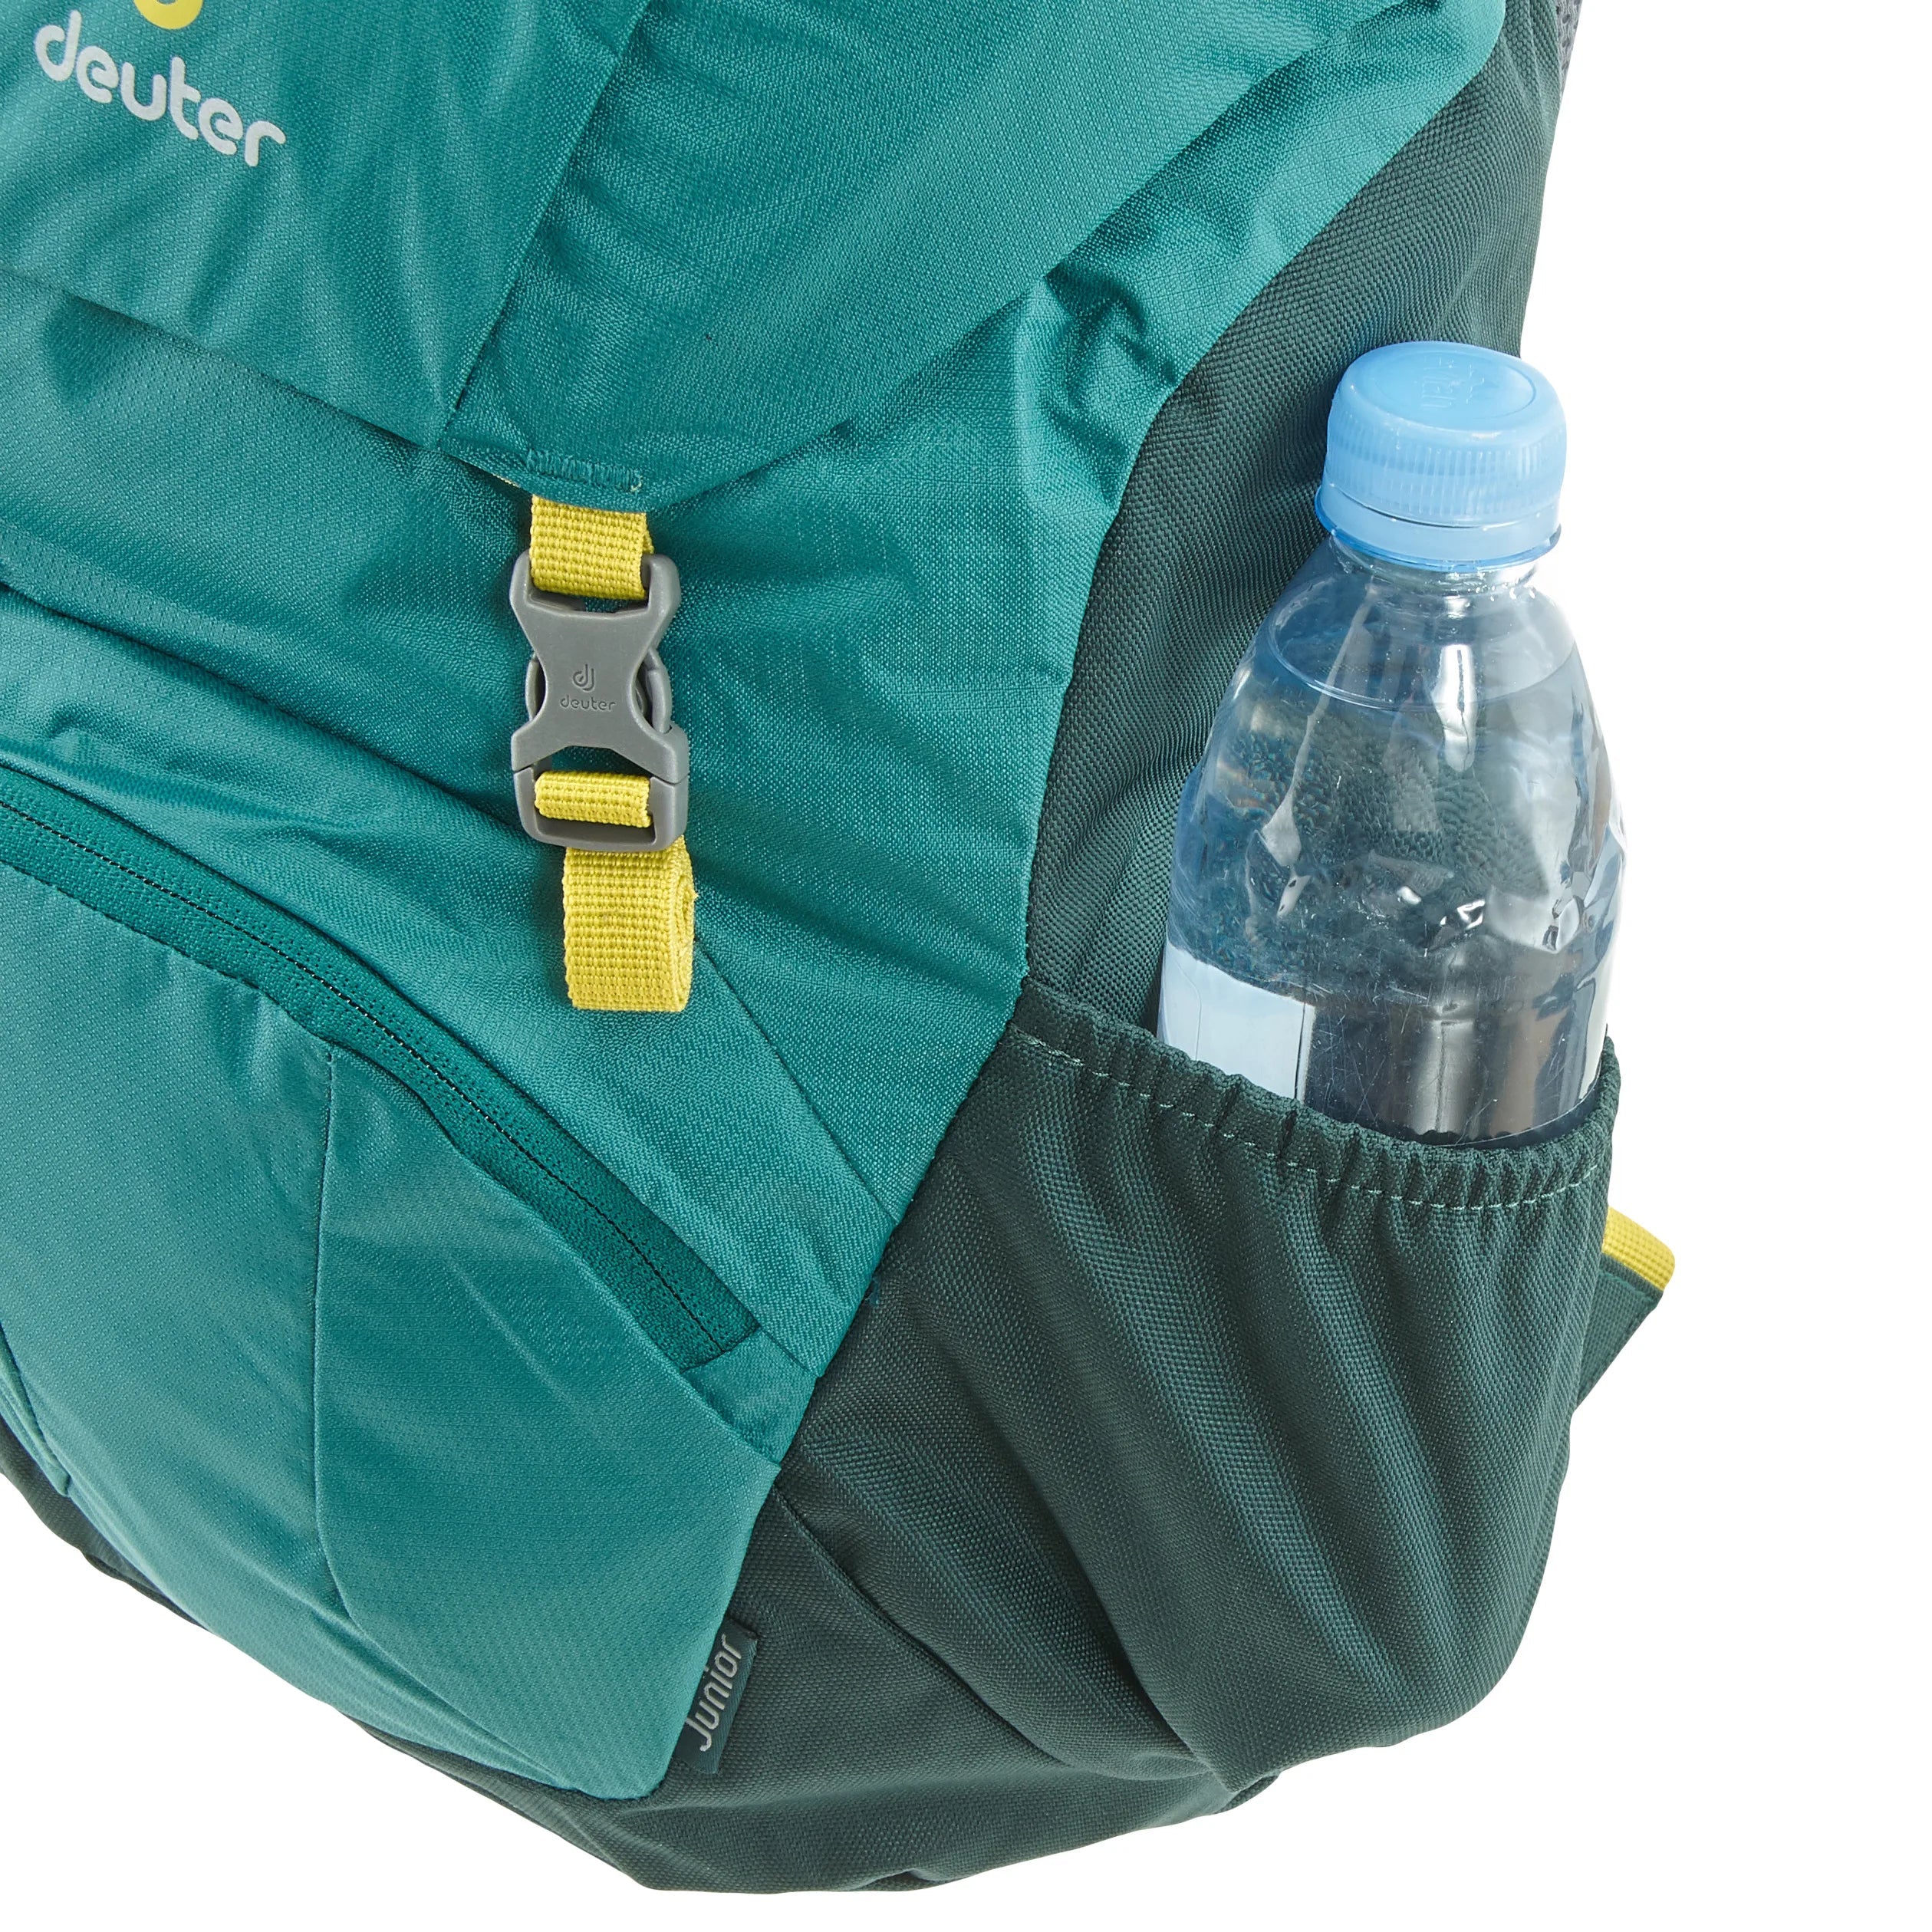 Deuter Daypack Junior children's backpack 43 cm - Maron-Currant
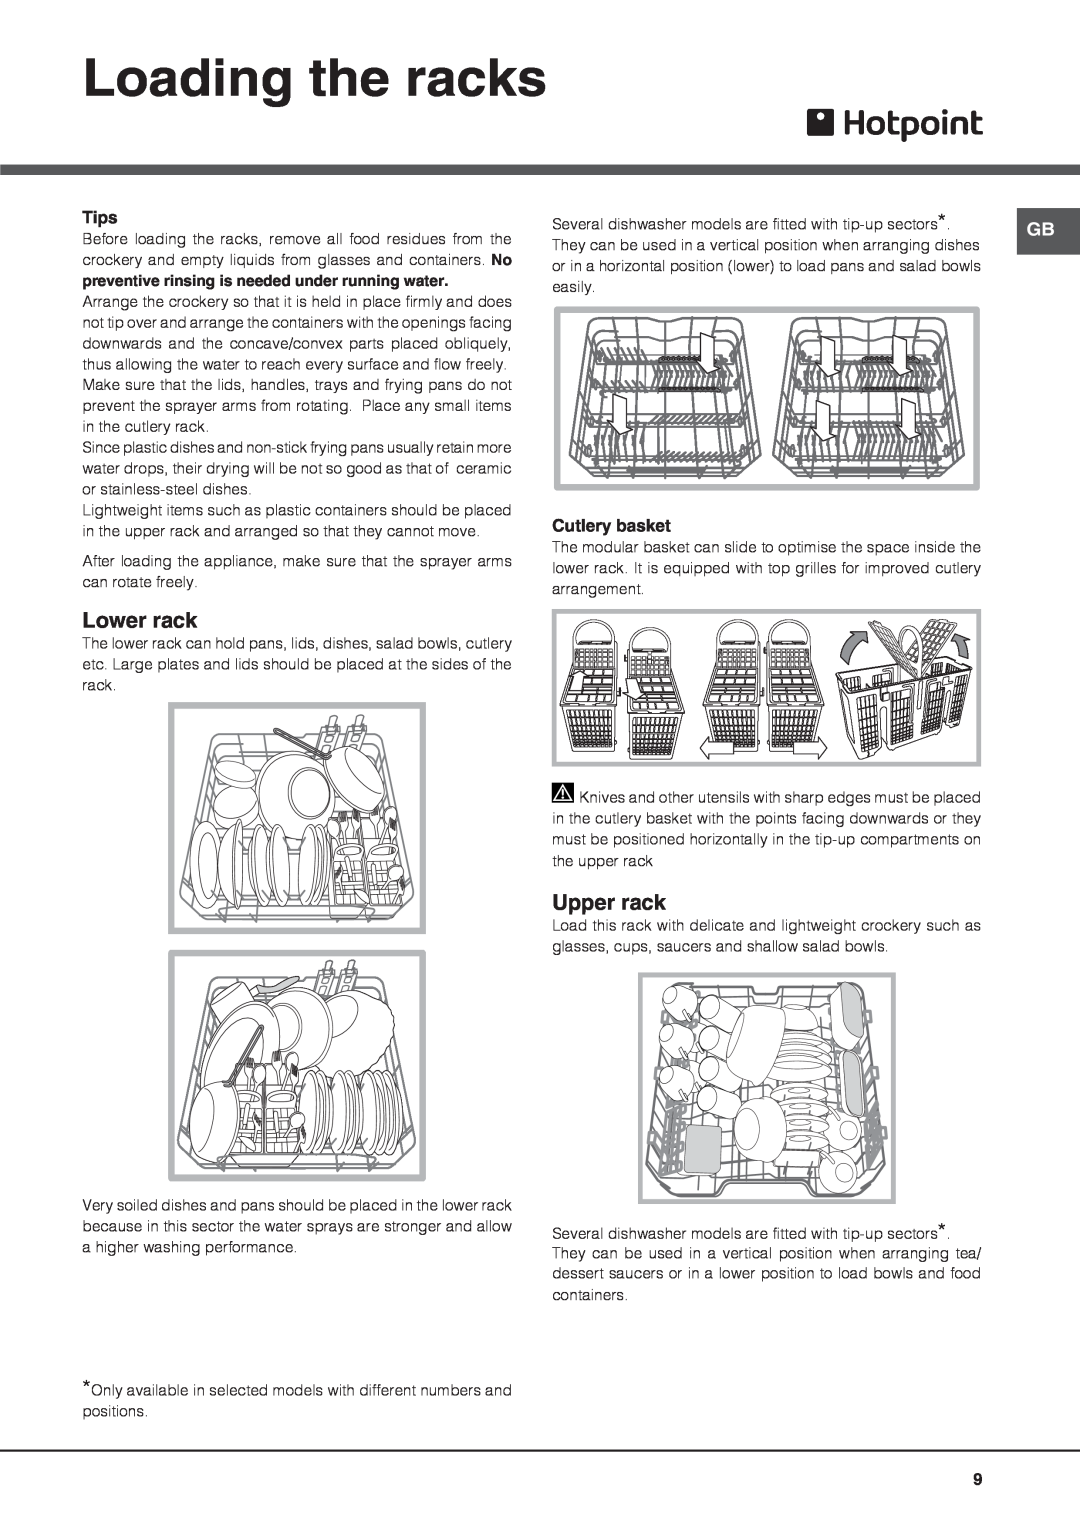 Hotpoint FDUD 43133 Ultima manual Loading the racks, Lower rack, Upper rack, Tips, Cutlery basket 
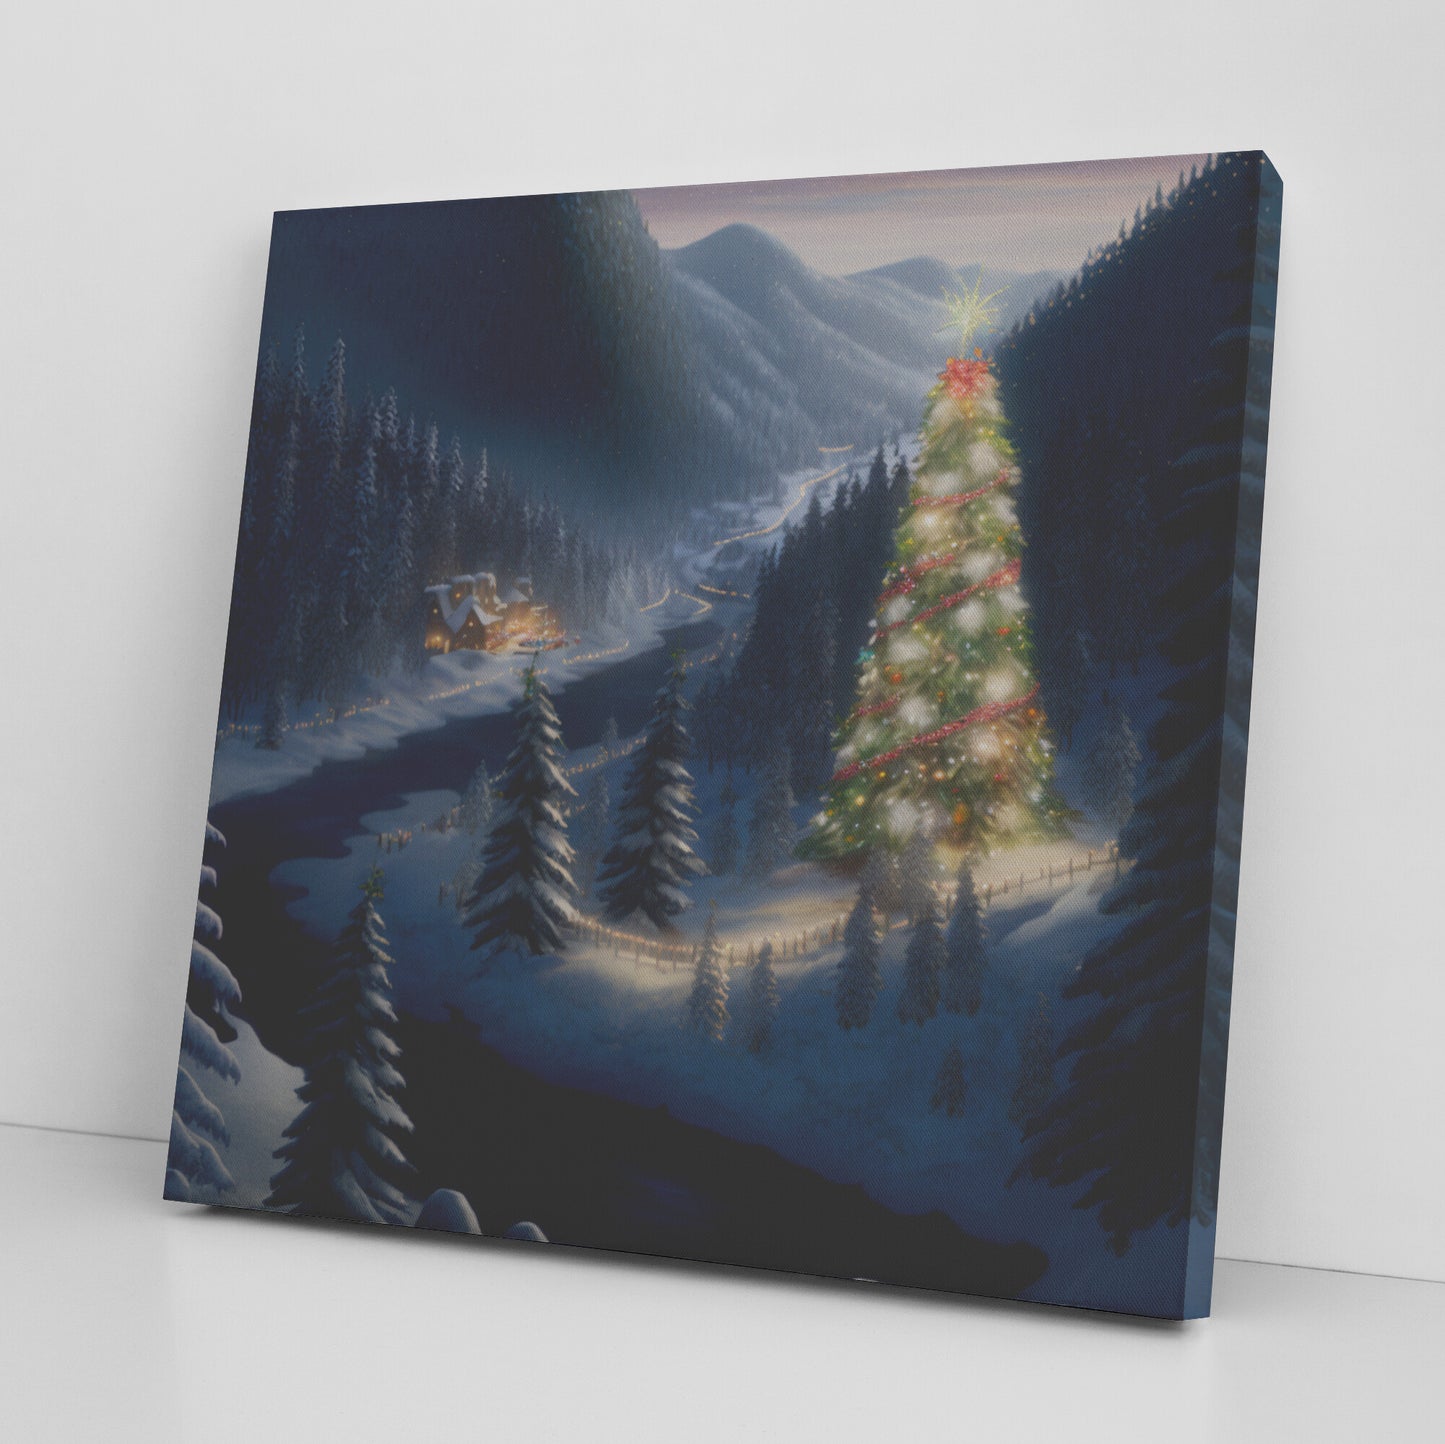 Christmas Oil Painting, Mountain Christmas Tree Landscape Painting, Christmas Wall Decor
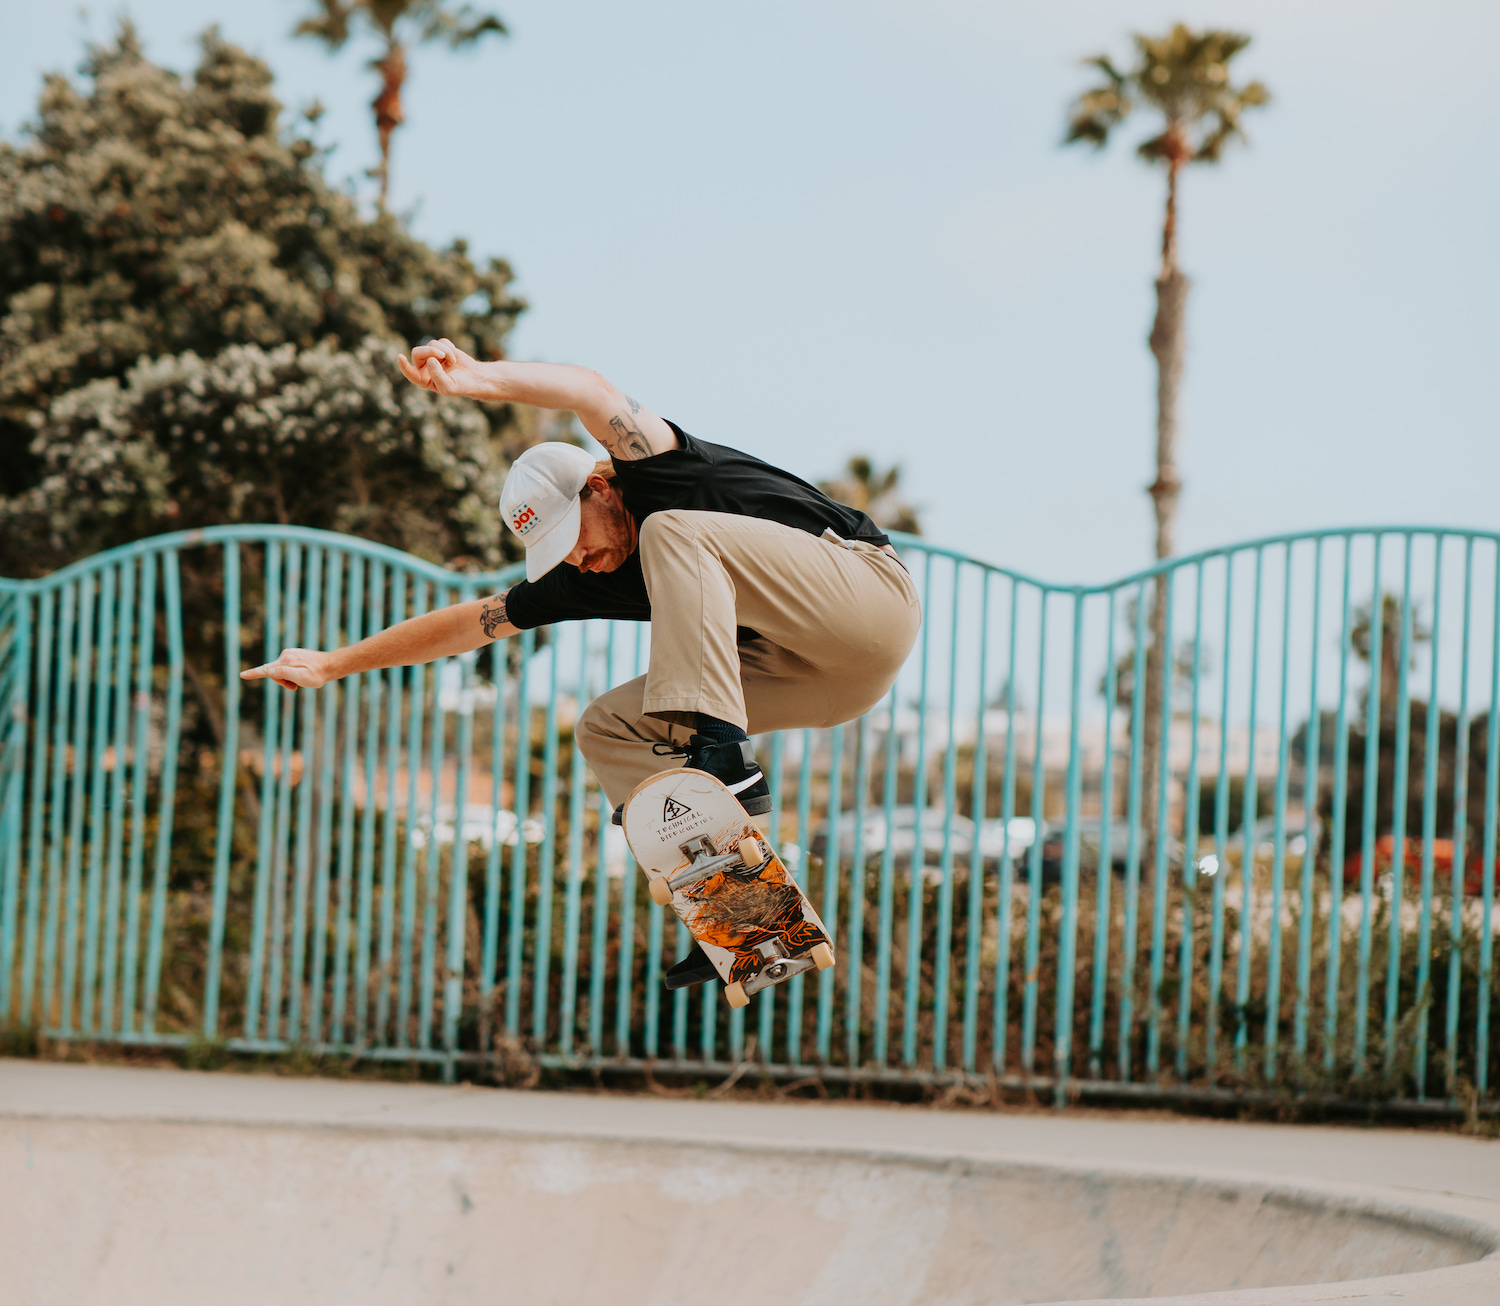 San Diego skater fashion featuring a skateboarder jumping into a bowl at Robb Field Skate Park, Ocean Beach

--- ABOUT THIS TASK ---
What you return should be the whole listing, word for word, without its pictures.

--- RESPONSE ---
 Deuter Daypack Junior children's backpack 43 cm - Maron-Currant
 Hotpoint FDUD 43133 Ultima manual Loading the racks, Lower rack, Upper rack, Tips, Cutlery basket 
 Christmas Oil Painting, Mountain Christmas Tree Landscape Painting, Christmas Wall Decor
 San Diego skater fashion featuring a skateboarder jumping into a bowl at Robb Field Skate Park, Ocean Beach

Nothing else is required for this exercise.